While the PQA looks backward to the patent history a Patent Adoption Assessment assesses patent activity and actions taken by third party companies after a patent holder’s patent has been filed and/or issued. Illustratively, using the United States Patent Office’s forward search engine a study is done based on a selected patent(s) to determine which third party company patents are citing the client company’s patent(s) in their filings.  Alternatively, the subsequently filed patents of a competitor or other company may be studied to determine points of convergence with the patent(s) of the client. The PAA “peels back the onion” with a “deep dive assessment” when a third party patent appears to have adopted the client company’s IP. Included in the PAA would be construction of a claims chart to show how the client company’s patent claims may read on the third party patent. The Patent Adoption Assessment (PAA) is a crucial step in determining possible infringement by third party companies.

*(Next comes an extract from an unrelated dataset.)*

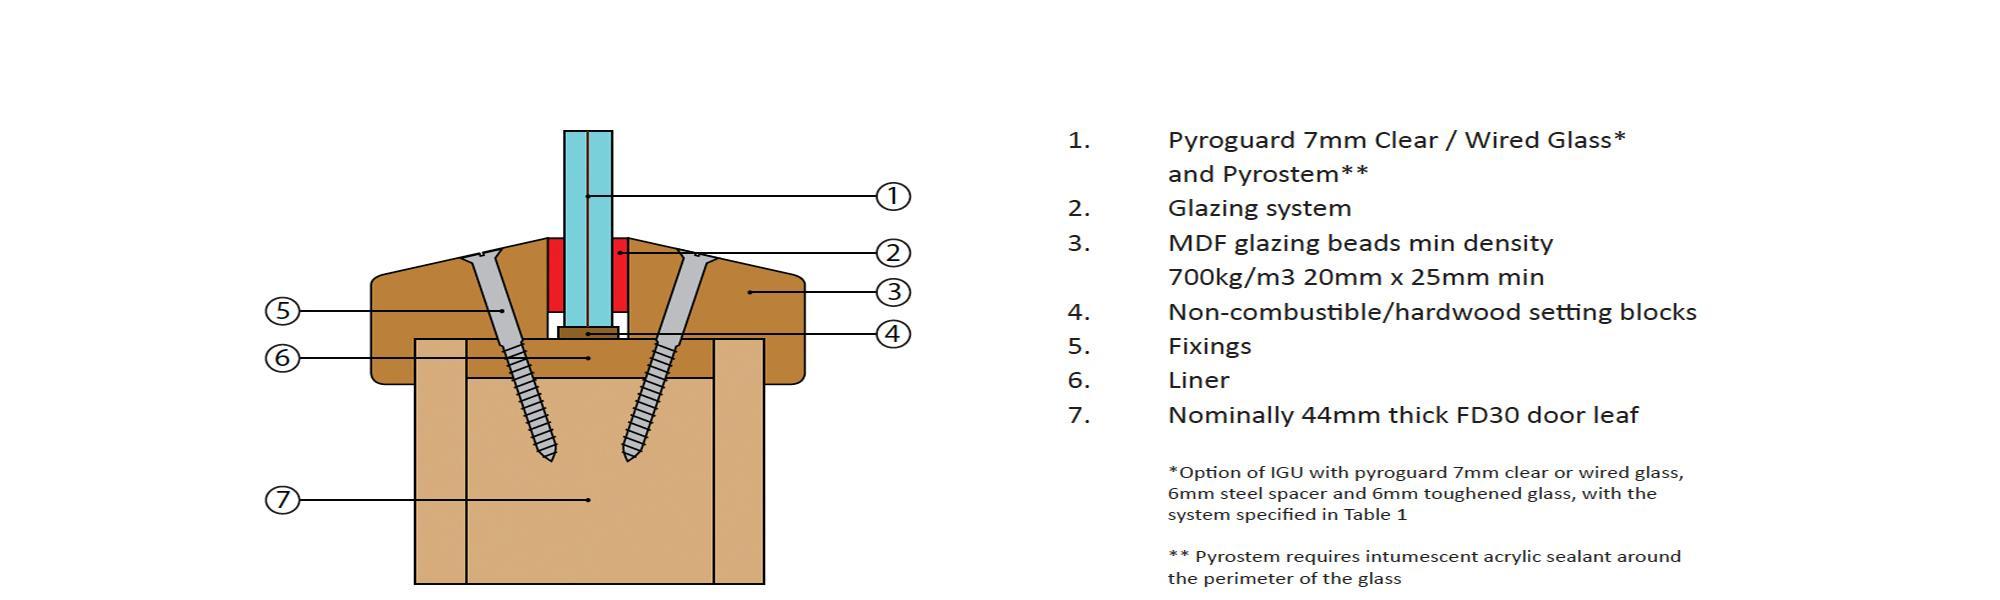 Morland QuickFix™ FD30 MDF Glazing Bead

Stage 6 – Technical Analysis and Assessment ℠ (TAA)

The Technical Analysis and Assessment ℠ examines technology referenced in selected third party patents such as may be identified in the PAA and how it is similar or differentiated from the technology referenced in the client’s patent claims. The TAA may also involve a review of third party specific products and apparent implementation of technology as described in patents. A TAA is usually performed prior to construction of a claims chart on specific products with the input of the technical expert providing technical guidance for use in construing the claims with a Markman like approach.

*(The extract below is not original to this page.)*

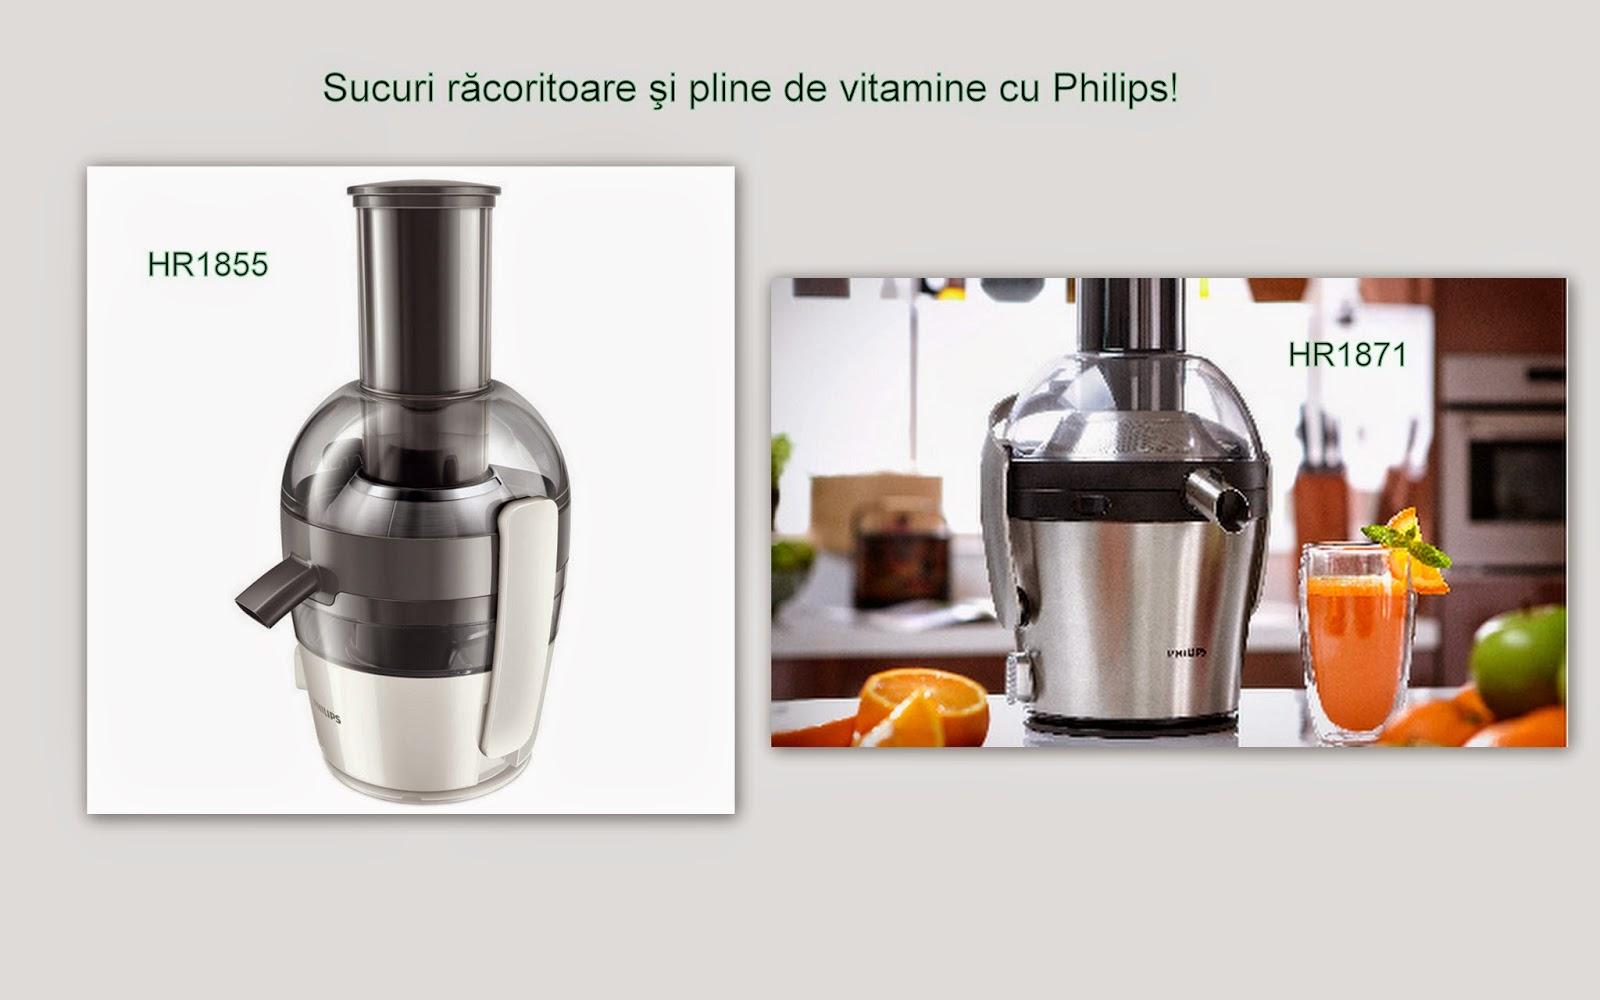 http://www.philips.ro/c/gatitul/viva-collection-multicooker-philips-hd3037_70/prd

Stage 7 – Tuning the Portfolio (TP)

With the strategy and direction set by management, the company focuses on building out and strengthening its IP portfolio with an effective and economic efficient process. Stage 7 includes patent preparation, patent filing and prosecution, office action and response, handling of appeals, and abandonment. Patent work includes foreign as well as U.S. filings and prosecution.

Stage 8 – Protecting Company Value℠ (PCV)

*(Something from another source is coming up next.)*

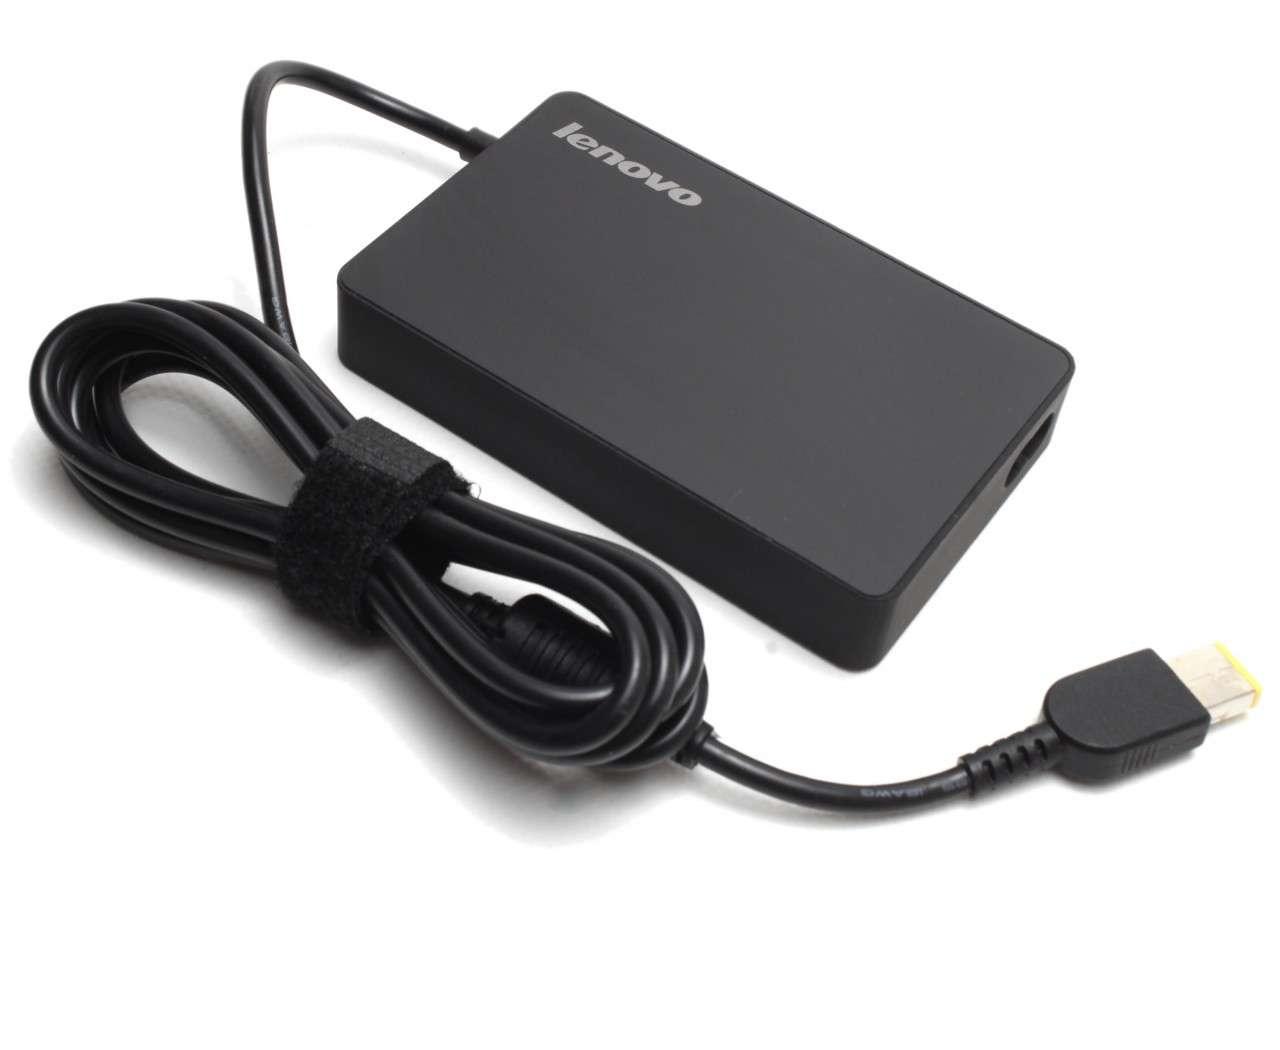 Incarcator Lenovo G505s 65W imagine powerlaptop.ro 2021

The Stage 8 emphasis is on intellectual property that is misappropriated and/or being improperly sold, made or used, thereby a threat to a company’s value. An infringement assessment may be done to ascertain whether another company’s product or invention is infringing on key patent claims. Patent clearance work may also be blended into the work mix.  The findings from an infringement assessment could lead to a decision to pursue IP licensing, sale or litigation of a company’s patents. Depending on the extent of litigation complexity, economic opportunity, risk assessment and legal strategy, representation may be constructed on an hourly or contingency fee basis.

Stage 9 – Realizing Company Value (RCV)

Stage 9 is the implementation phase. The work done in eight prior stages culminates with a blueprint for monetizing IP portfolio value, including the potential licensing, sale or litigation of intellectual property. Stage 9 services associated with the sale of patents may include identification of strategic buyers, valuation and development of collateral material, candidate presentation, transaction handling, closing and if required on-going administration. Licensing services may include strategy development, royalty determination, economic modeling, marketing material development, candidate identification, program administration, drafting of contracts, negotiation and record keeping and controls. An important element of this stage is setting up a process to administer a licensing program. Administration should include royalty audits for compliancy by licensees with license terms and payments.

Adopting a multi-disciplinary and targeted approach to patent management that integrates business, technical, market, and legal strategies and actions makes it more likely to reap the highest value from your company’s intellectual property.